Streaming LLM Responses: Sentence-by-Sentence Best Practices

When integrating Large Language Models (LLMs) like OpenAI's GPT, Anthropic's Claude, or similar services with sipgate AI Flow, how you stream responses significantly impacts the naturalness of synthesized speech. This guide shows you how to achieve smooth, natural-sounding voice output by sending complete sentences rather than individual tokens.

The Problem: Token-by-Token Streaming

LLMs stream responses token-by-token (small text fragments). Sending each token directly to the TTS provider creates choppy, unnatural speech:

typescript

// ❌ BAD: Sends every token immediately
for await (const chunk of llmStream) {
  await sendAction({
    type: 'speak',
    session_id: sessionId,
    text: chunk.content, // Individual tokens: "Hello", ", ", "how", " ", "can", " ", "I"...
    tts: { provider: 'azure', language: 'en-US', voice: 'en-US-JennyNeural' },
  })
}

Why this sounds bad:

Each TTS call treats the text as a complete utterance with sentence-ending prosody (falling intonation, longer pauses)
Results in robotic, choppy speech: "Hello↘️ [pause] how↘️ [pause] can↘️ [pause] I↘️ [pause] help↘️ [pause]"
TTS providers optimize for complete sentences, not fragments

The Solution: Sentence Segmentation

✅ Best Practice: Buffer LLM tokens and send complete sentences to the TTS provider.

Benefits:

Natural prosody and intonation
Appropriate pauses between sentences
Better voice quality from TTS providers
Maintains low latency (sentences typically complete within 1-2 seconds)

Prompting LLMs for Voice Output

Critical: Instruct your LLM to avoid abbreviations that interfere with speech synthesis and sentence detection.

The Problem with Abbreviations

Abbreviations like "Dr.", "bzw.", "z.B.", "etc." cause two issues:

Incorrect sentence segmentation - Intl.Segmenter detects periods as sentence boundaries:

typescript

// "Dr.

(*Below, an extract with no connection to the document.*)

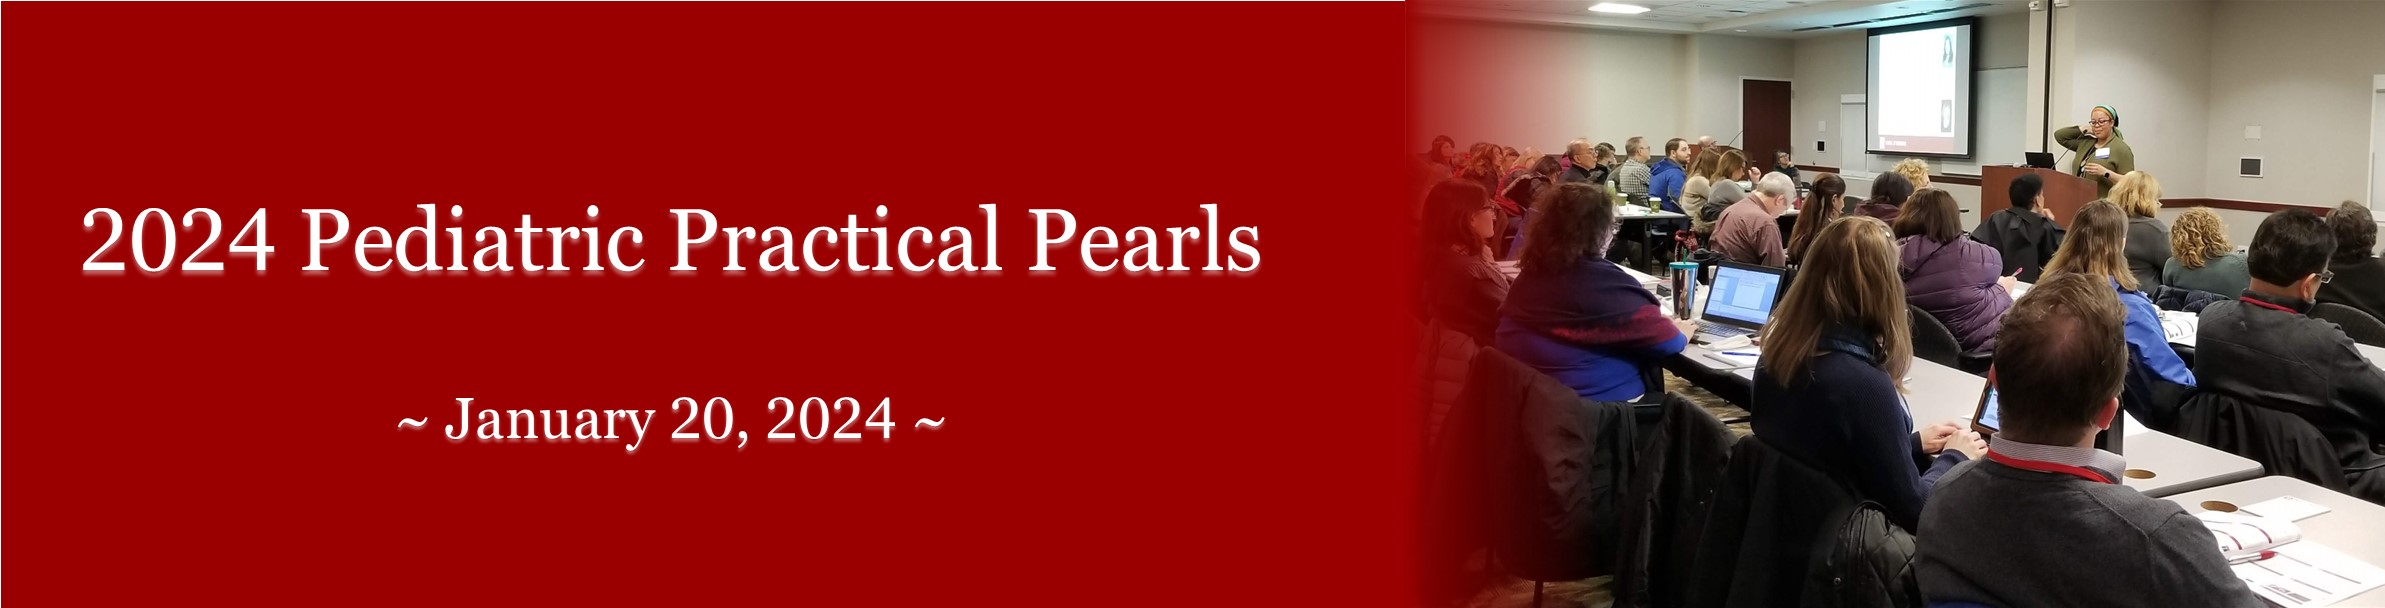 January 2024 Pediatric Practical Pearls Conference Baby Steps to New

Smith will help you."
// Incorrectly splits into:
// Sentence 1: "Dr."
// Sentence 2: "Smith will help you."

Poor TTS pronunciation - Text-to-speech may mispronounce abbreviations:
- "Dr." → "D R" or "Doctor point" instead of "Doctor"
- "bzw." → "B Z W" instead of "beziehungsweise"
- "z.B." → "Z B" instead of "zum Beispiel"

System Prompt Guidelines

Add these instructions to your LLM system prompt:

typescript

const systemPrompt = `You are a voice assistant. Follow these rules strictly:

VOICE OUTPUT RULES:
- Write out all abbreviations fully (e.g., "Doctor" not "Dr.", "for example" not "e.g.")
- Use complete words instead of shortened forms
- Avoid punctuation-based abbreviations that end with periods
- Use natural, spoken language as if talking to someone in person

Examples:
❌ "Dr. Smith can help you with that."
✅ "Doctor Smith can help you with that."

❌ "You can use method A, B, or C, e.g., the first one."
✅ "You can use method A, B, or C, for example the first one."

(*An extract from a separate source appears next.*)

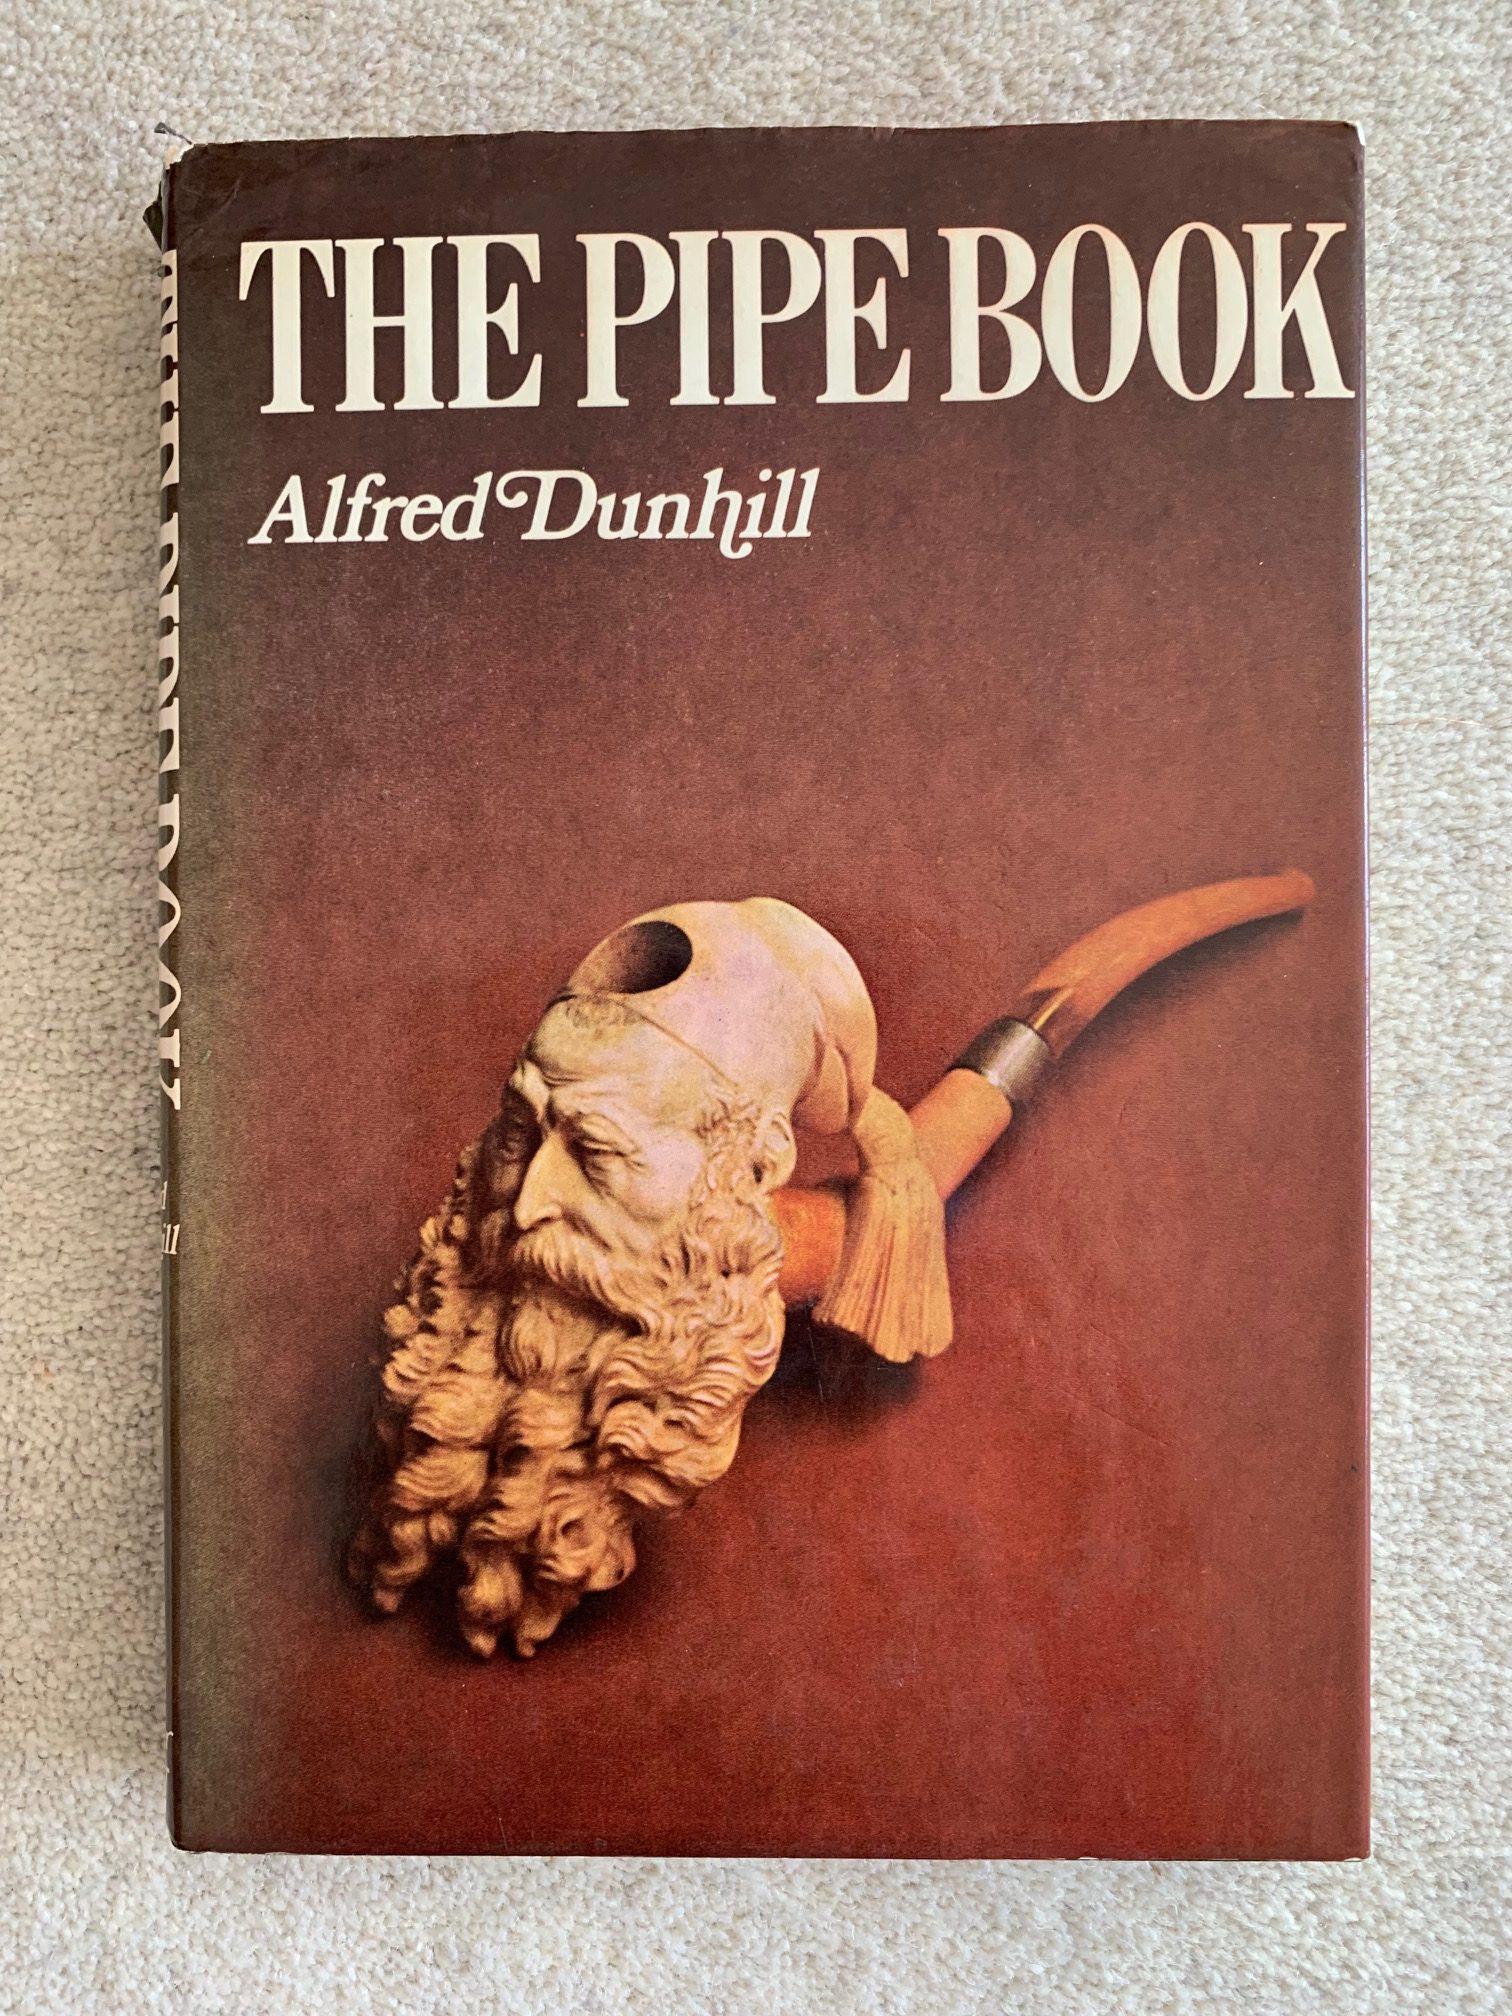 The Pipe Book - Alfred Dunhill Image

❌ "This is available Mon.-Fri."
✅ "This is available Monday through Friday."

Your responses will be converted to speech, so write exactly how you would say it out loud.`

Language-Specific Examples

English:

typescript

const englishVoiceRules = `
- "Dr." → "Doctor"
- "Mr." → "Mister"
- "Mrs." → "Missus"
- "e.g." → "for example"
- "i.e." → "that is"
- "etc." → "and so on" or "etcetera"
- "vs." → "versus"
- "approx." → "approximately"
`

German:

typescript

const germanVoiceRules = `
- "Dr." → "Doktor"
- "bzw." → "beziehungsweise"
- "z.B." → "zum Beispiel"
- "usw." → "und so weiter"
- "ca." → "circa"
- "etc." → "et cetera" or "und so weiter"
- "inkl." → "inklusive"
- "ggf." → "gegebenenfalls"
- "evtl." → "eventuell"
`

Complete OpenAI Example

typescript

const stream = await openai.chat.completions.create({
  model: 'gpt-4',
  messages: [
    {
      role: 'system',
      content: `You are a voice assistant for customer service.

CRITICAL VOICE RULES:
- Never use abbreviations with periods (Dr., e.g., etc.)
- Write everything as you would speak it out loud
- Use complete words: "Doctor" not "Dr.", "for example" not "e.g."
- Your responses will be synthesized to speech

Be helpful, concise, and conversational.`
    },
    {
      role: 'user',
      content: userMessage
    }
  ],
  stream: true,
})

Complete Anthropic Example

typescript

const stream = await anthropic.messages.create({
  model: 'claude-3-5-sonnet-20241022',
  max_tokens: 1024,
  system: `You are a voice assistant. Your responses will be converted to speech.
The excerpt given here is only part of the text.